Here is a list of all the Python libraries needed to replicate this tutorial. You will need to uncomment these lines of code and run them if they are not already installed.

In [ ]:
#
# Install Python libraries if necessary
# ----------------------------------------
#%pip install geopandas pandas matplotlib seaborn pygris
#%pip install "folium>=0.12" matplotlib mapclassify

1. Import Python libraries¶

Now that the appropriate libraries are installed, we need to import them for the tutorial.

In [13]:
#
# Import libraries
# ----------------------------------------
import pandas as pd
import geopandas as gpd
from shapely.geometry import Point

2. Get census tract and census place data¶

I prefer to import shapefiles directly from an API so that my work is reproducible and so that I do not have to manually download something. The easiest way to get Census shapefiles is to directly import them from the Census API. There are many libraries to do this; however my favorite is to use the pygris library. I prefer this library to others since it is relatively simple, the library is stable, and does not require a Census API key.
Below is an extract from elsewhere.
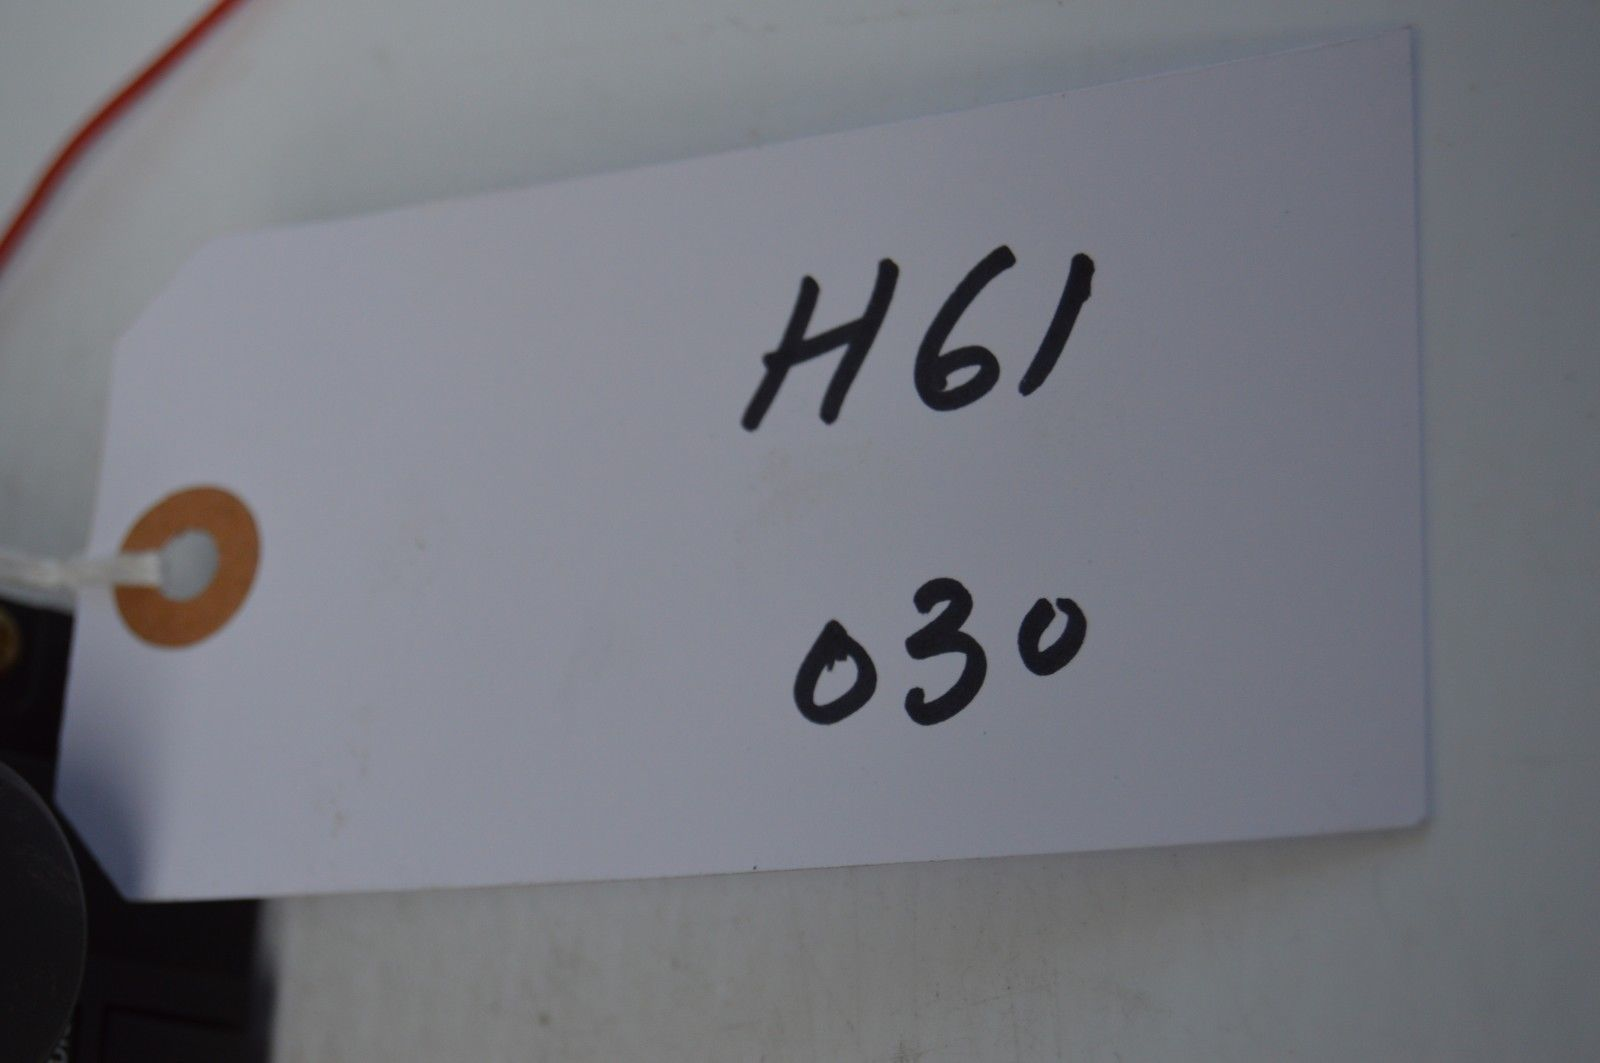 2005-2010 CHRYSLER 300 RADIO CD PLAYER OEM RADIO P05064030AN TESTED H61#030 image 8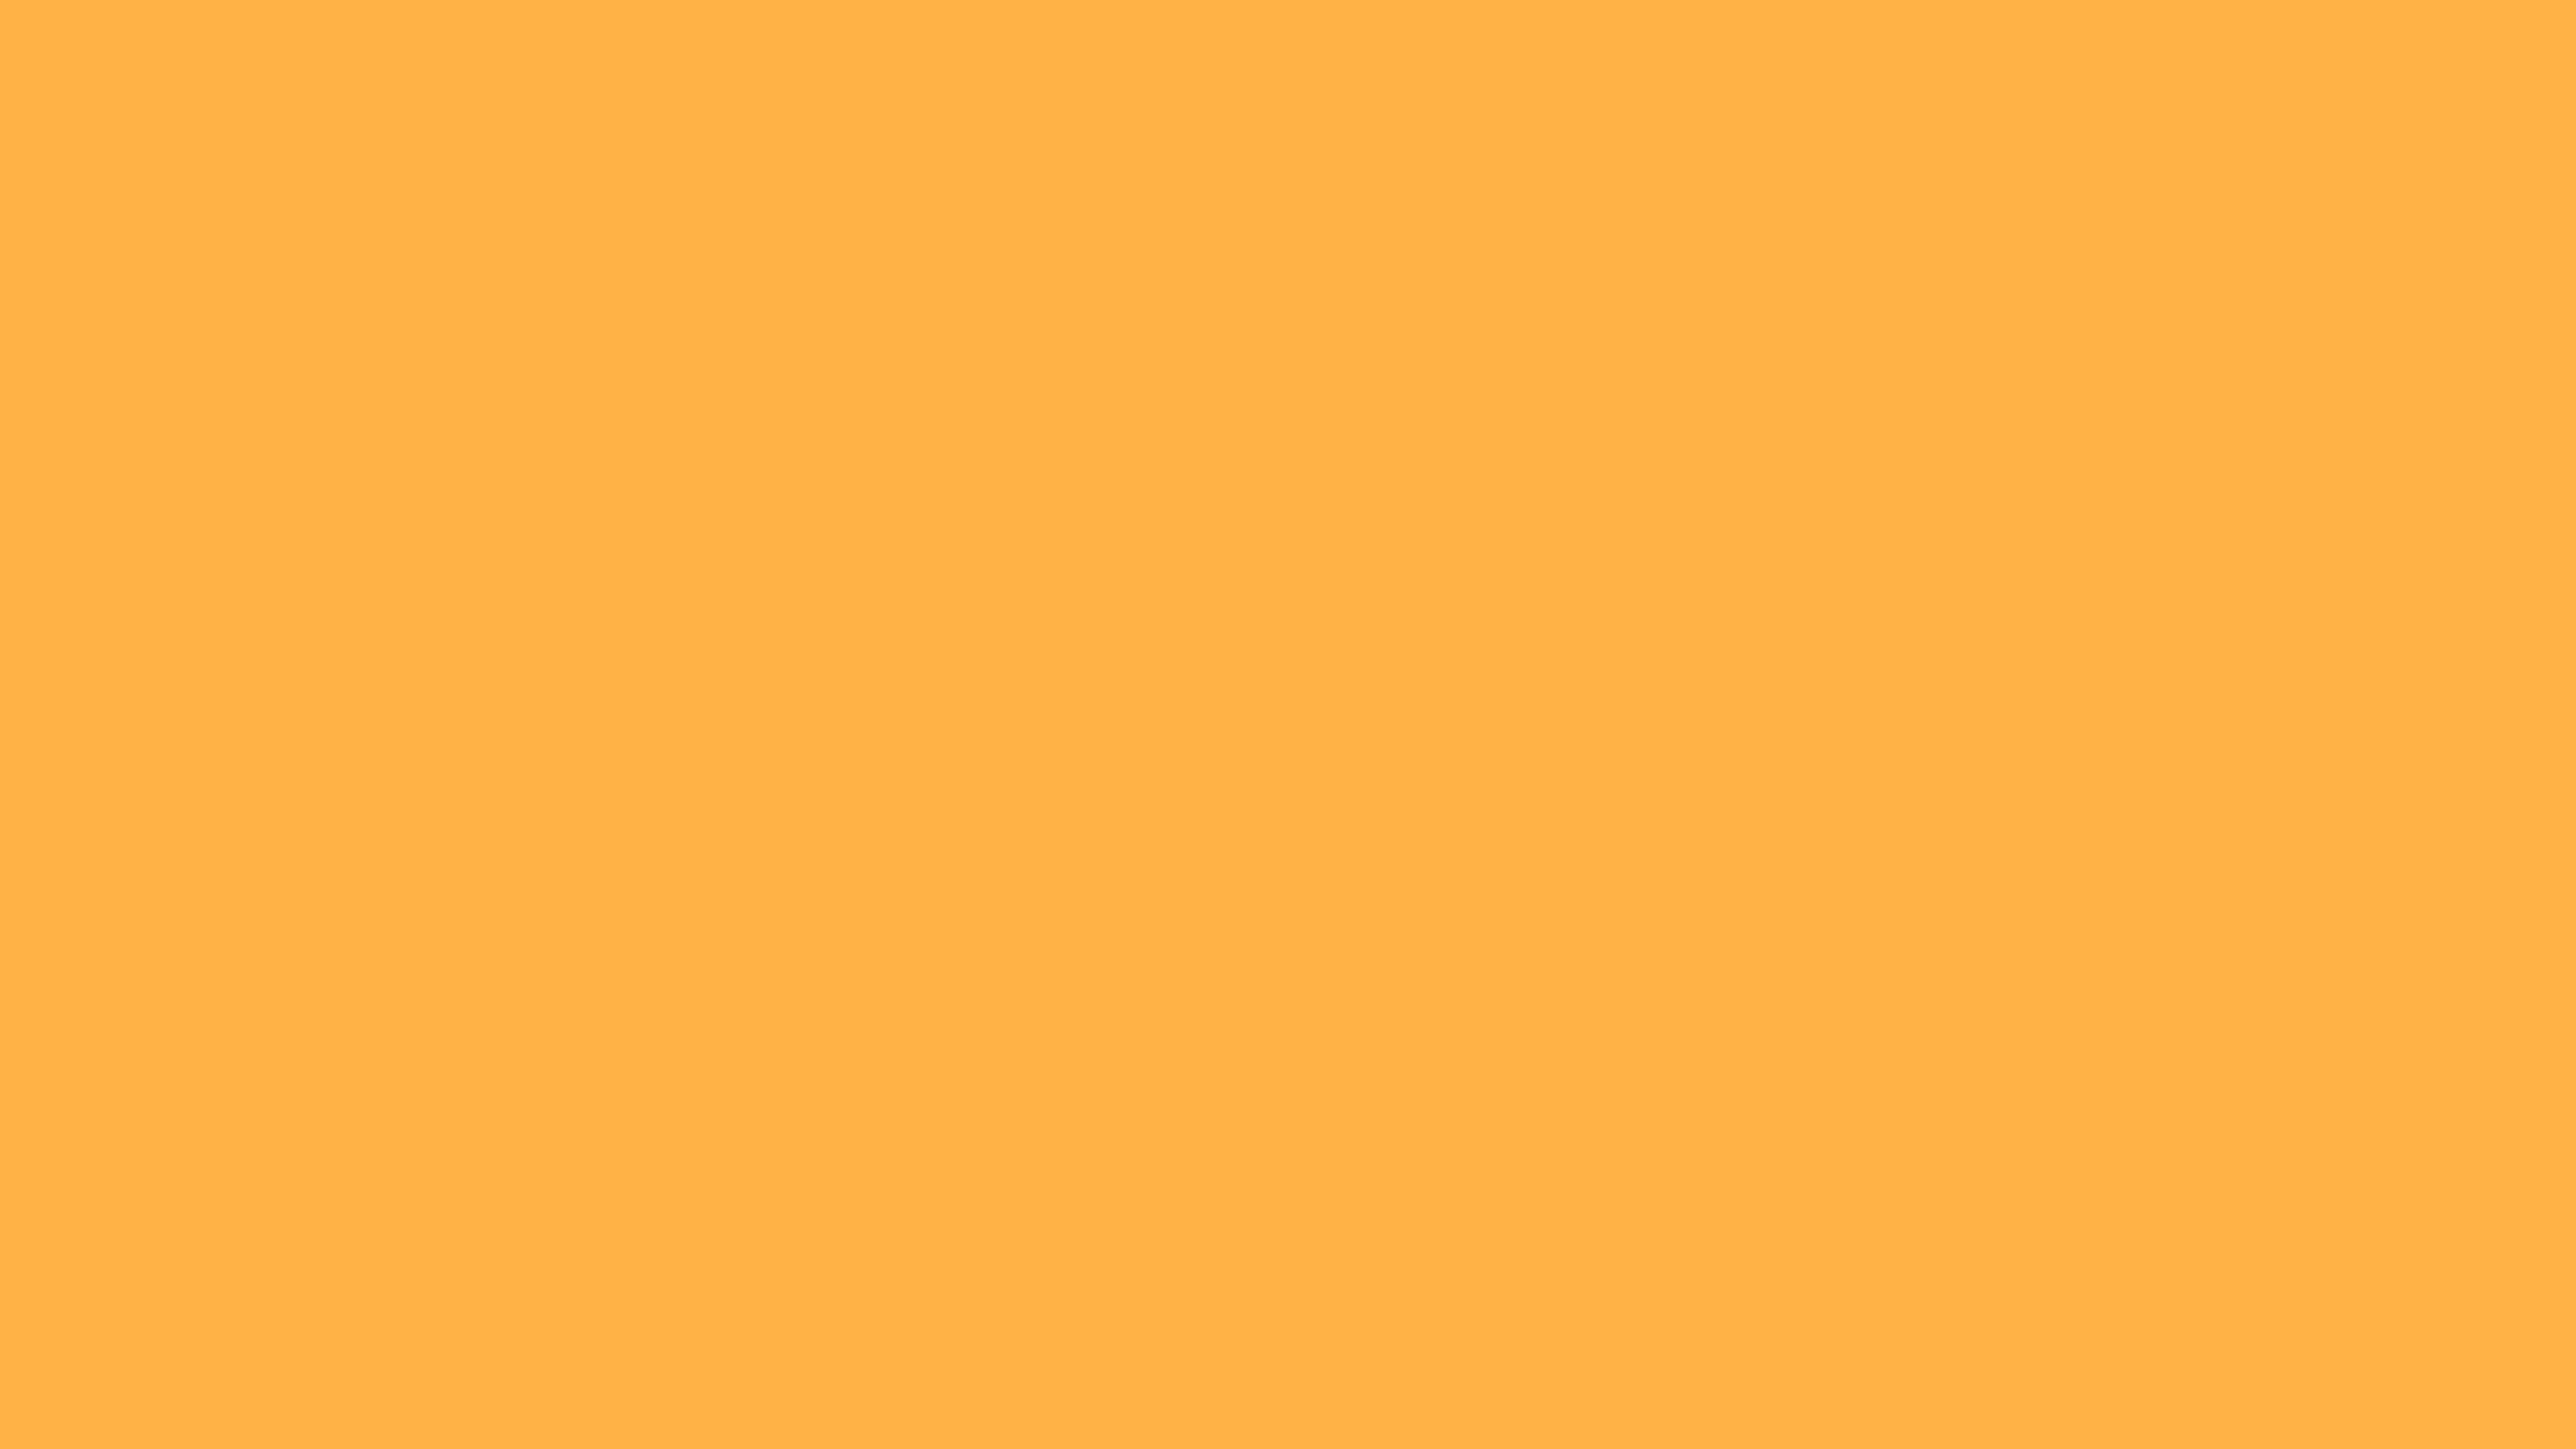 7680x4320 Pastel Orange Solid Color Background

I pull all the shapefiles for all tracts and places in California so that we do not have to worry about whether the spatial extents of the tracts or places shapefiles are larger. If the place extent is larger than the tracts, then we could miss some tracts that are actually located within San Francisco proper when we do the spatial join.

In [14]:
#
# Pull shapefiles
# ----------------------------------------

# tracts
from pygris import tracts
ca_tracts = tracts(state = "CA", cb = True, year=2022, cache=True) # cb = true calls cartographic boundary files that are simplified and load/process faster

# places
from pygris import places
ca_places = places(state = "CA", cb = True, year=2022, cache=True) # cache set to true makes it easier to load if we call again
Using FIPS code '06' for input 'CA'
Using FIPS code '06' for input 'CA'

3. View tracts shapefile¶

Let's look at just the tracts shapefile to see what we have. Remember, we pulled in all tracts for the entire state of California so that when we conduct the spatial join of tracts to place, we won't be missing any tracts if, for some random reason, the place file for San Francisco is larger than than the spatial extent of San Francisco tracts. This is a conservative approach and you will likely get the same result if you were to subset the tracts for only San Francisco. Nevertheless, I've included them here.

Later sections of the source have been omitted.